The ontological dimension of the Form of the Good in the Republic is equivalent to the notion of Good as Socrates expounds it in Phaed. 96 a–99 d, where he narrates his intellectual autobiography. In it, Good is conceived in terms of a power (δύναμις) with ‘a divine force’ (99 c), as the true Atlas who ‘binds and governs’ (συνδεῖ καὶ συνέχει, ibid.) the universe. This ‘power’ of the Good consists in organizing the order of the world in the best possible way (τὴν δὲ τοῦ ὡς οἷόν τε βέλτιστα αὐτὰ τεθῆναι δύναμιν οὕτω νῦν κεῖσθαι, 99 c). Thus, in Plato’s philosophy, the Good assumes the function of the principle of world order that νοῦς has in Anaxagoras’ philosophy, although Anaxagoras did not develop or apply this principle, as Socrates laments in that passage of the Phaedo. In my opinion, the Timaeus is, in Plato’s eyes, the realization of what Anaxagoras wanted to do, but did not know how to do it.

To this, the fourth cosmic principle presented in the metaphysical framework of the Philebus can be added, as it fulfils the same function as the figure of the demiurge in the Timaeus. As Ch. H. Kahn recalls, ‘the cosmic role that νοῦς plays in the Philebus made it possible for later Platonists to identify νοῦς and the Good. For example, Numenius, the major predecessor of Plotinus, posits as the highest of his three goods a divine principle characterized both as νοῦς and as the Good itself’ (2004: 637).

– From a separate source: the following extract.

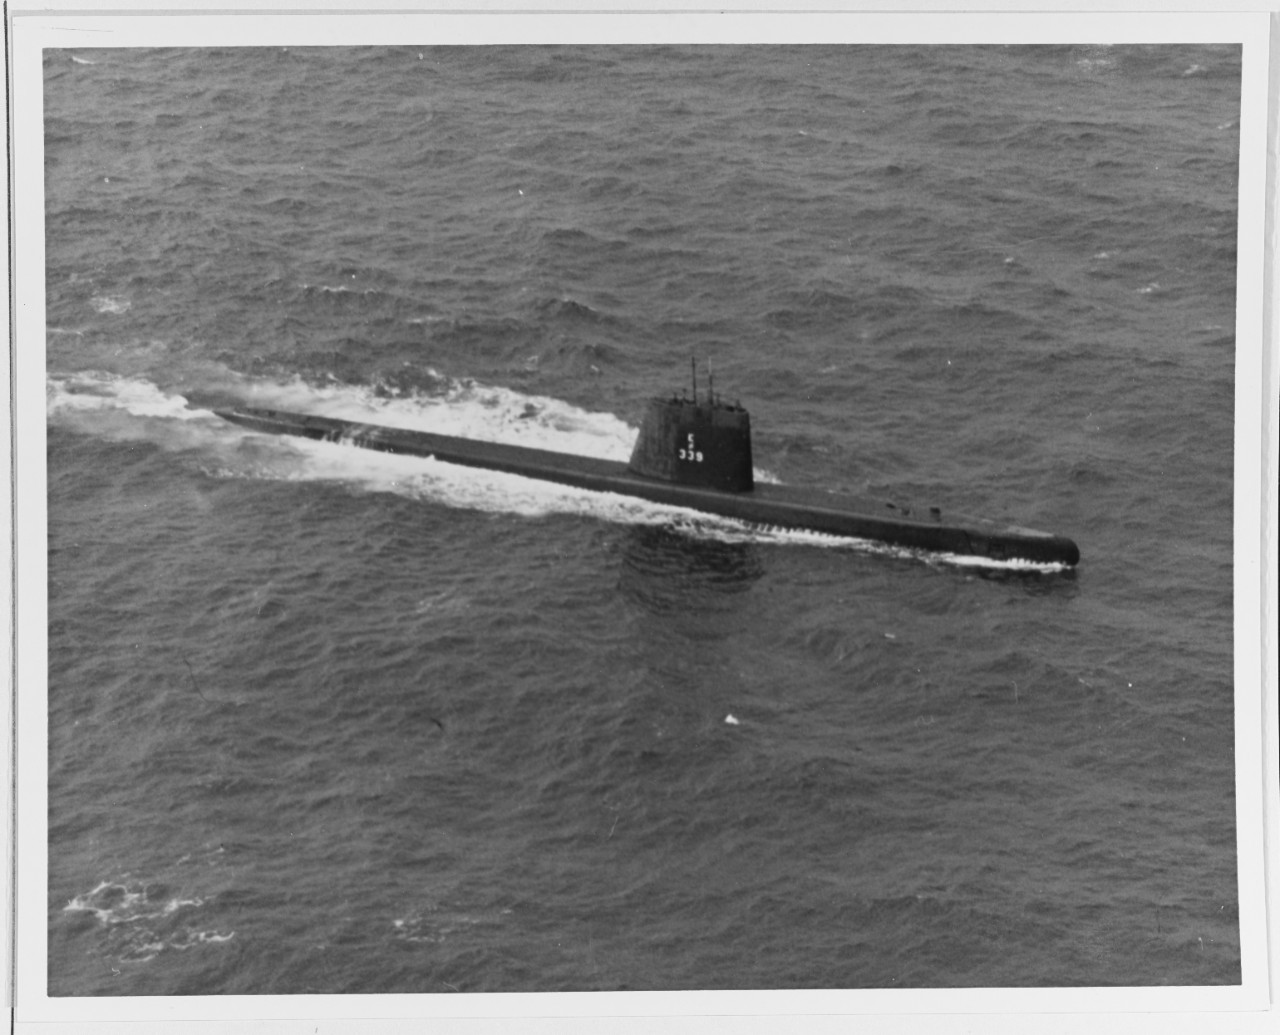 USS CATFISH (SS-339)

In the Republic, Plato says that the Form of the Good is ‘the happiest of the existing things’ (526 e). This expression leads me to interpret that, for Plato, the Form of the Good included the notion of some sublimated form of intelligent, conscious, and blessed life. We can move from this expression in the Republic to that one in the Theaetetus, according to which, the model of the divine represents ‘supreme happiness’ (176 e), and then connect both with the decisive prominence in the Philebus of the identification between the supreme Good and the intelligent cause that arranges the universe and that represents the notion of an eternal perfection that is self-sufficient to attain happiness. In fact, of the universe of the Timaeus, that the Demiurge made as similar to himself as was possible, Plato says that

he made it circular and turning in a circle, a single solitary universe, but capable, thanks to its excellence, of keeping its own company without requiring anything else, for its knowledge and friendship with respect to itself are enough. For all these reasons, he begot it as a happy god (34 b).

In this way of conceiving the Form to which he gave the most honorable name that he knew, Plato follows Anaxagoras, with whose first principlethe νοῦςhe wanted to identify his own Form of the Good, which in the Phaedo carried the weight of the world on its shoulders. And this led to Aristotle, who, when conceiving the god who has no need of friends as self-thinking thought, culminated the line of interpretation of the divine in the Greek world that was awakened by the Presocratics’ criticism of religious anthropomorphism and that Socrates finished clearing up by demanding self-knowledge more than anything.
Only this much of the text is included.